After implementation of the research strategy in all databases and the execution of the manual search, articles were extracted and organised in EndNote Online. Duplicates were deleted by hand. The remaining articles were transferred to an Excel template published by the KCE-Belgian Health Care Knowledge Centre (http://kce.fgov.be/). Two hundred and ninety-six (296) articles from the three used databases, 321 studies selected for screening and 25 records from other sources (30 March 2017) were sequentially included or excluded according to the eligibility criteria. Two reviewers (KW and TP) performed eligibility assessment independently in an unblinded standardised manner.
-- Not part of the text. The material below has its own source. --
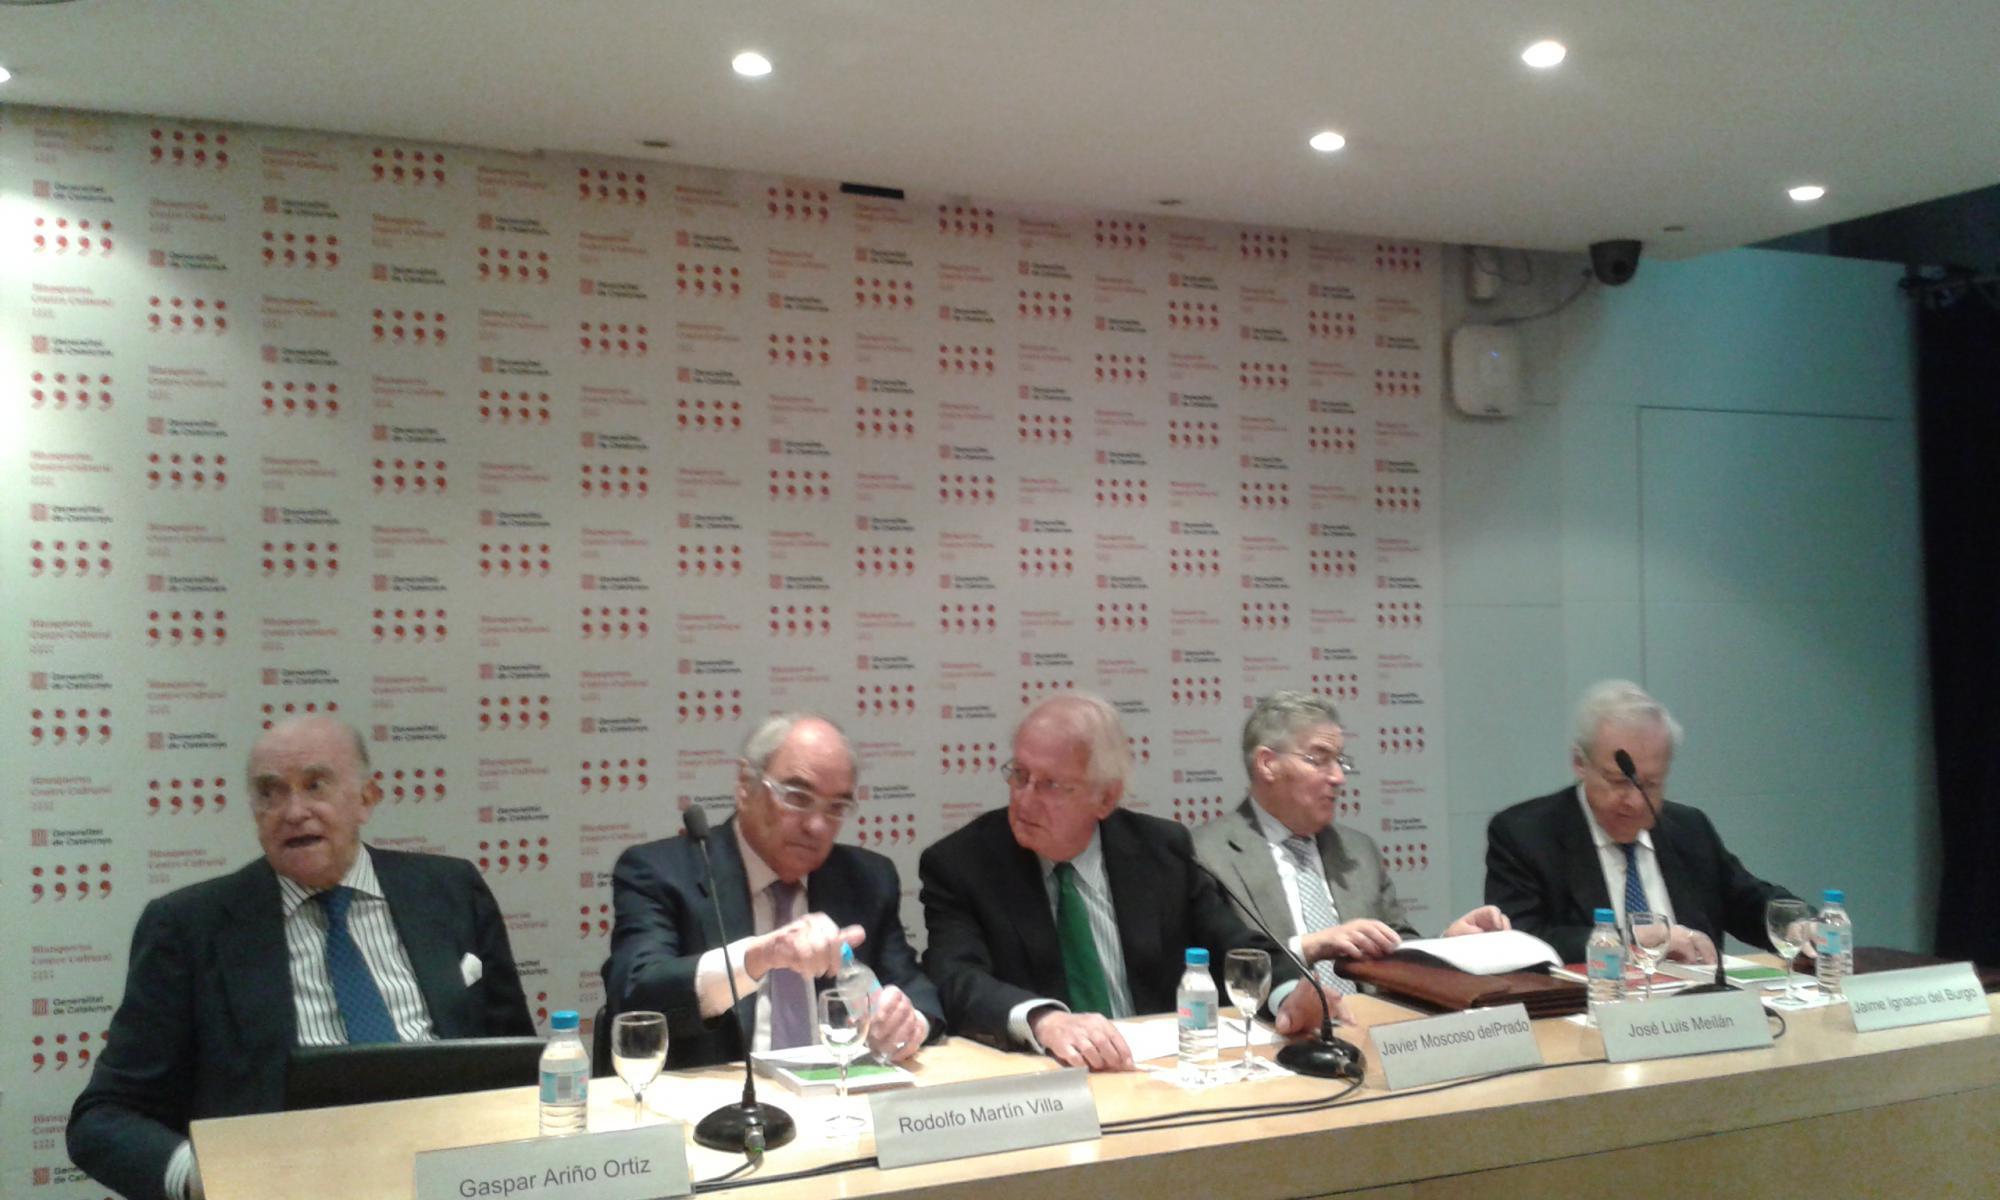 Gaspar Ari�o, Rodolfo Mart�n Villa, Jos� Luis Meil�n, Juan Ignacio del Burgo y  Javier Moscoso

Thus, the inclusion criteria were:

athletes or healthy subjects who practise sports regularly;

VTFB or haptic FB;

heart rate (HR), joint angles, motor patterns, movement variability;

randomised clinical trials, randomised controlled trials, clinical trial, case reports, cohort study, and so on;

full text written in English, Dutch, German and French;

study subjects are adolescents or adults.

Exclusion criteria were:

non-healthy or pathological population and animals;

children (<10 years of age) and elderly (>65+);

other languages than those mentioned above;

meta-analysis, systematic reviews.

Experiments by Pressley and Ghatala indicated that children younger than 10 years of age are less accurately aware of FB results. Consequently, this set our lower age limit in our search strategy.16 The same goes for the upper limit in adults as has been shown by Rodrigue et al.17

The systematic screening of the articles was carried out in two different phases. First, all search results were screened based on title and abstract in a preliminary screening. If citations were considered potentially eligible and relevant, and if both reviewers (KW and TP) independently had agreed, full-text articles were obtained. In the second phase, full-text articles were evaluated. Detailed evaluation of the full-text publication was necessary for 47 articles. Disagreements between reviewers were resolved by consensus. If no consensus could be reached, a third reviewer (SV) would decide.

Data extraction

Two reviewers (KW and TP) independently performed data extraction by selecting relevant data and integrating it into two databases. The two databases were compared and integrated into a final extraction table. Again, disagreements were resolved through discussion between KW and TP, and in case of disagreement a third author (SV) was asked to make a final judgement. None of the authors were contacted for further information when information was missing or unclearly reported. The reason for the latter was that non-peer-reviewed unpublished information would, among others, hamper the systematic review process and could affect the quality of this paper as such.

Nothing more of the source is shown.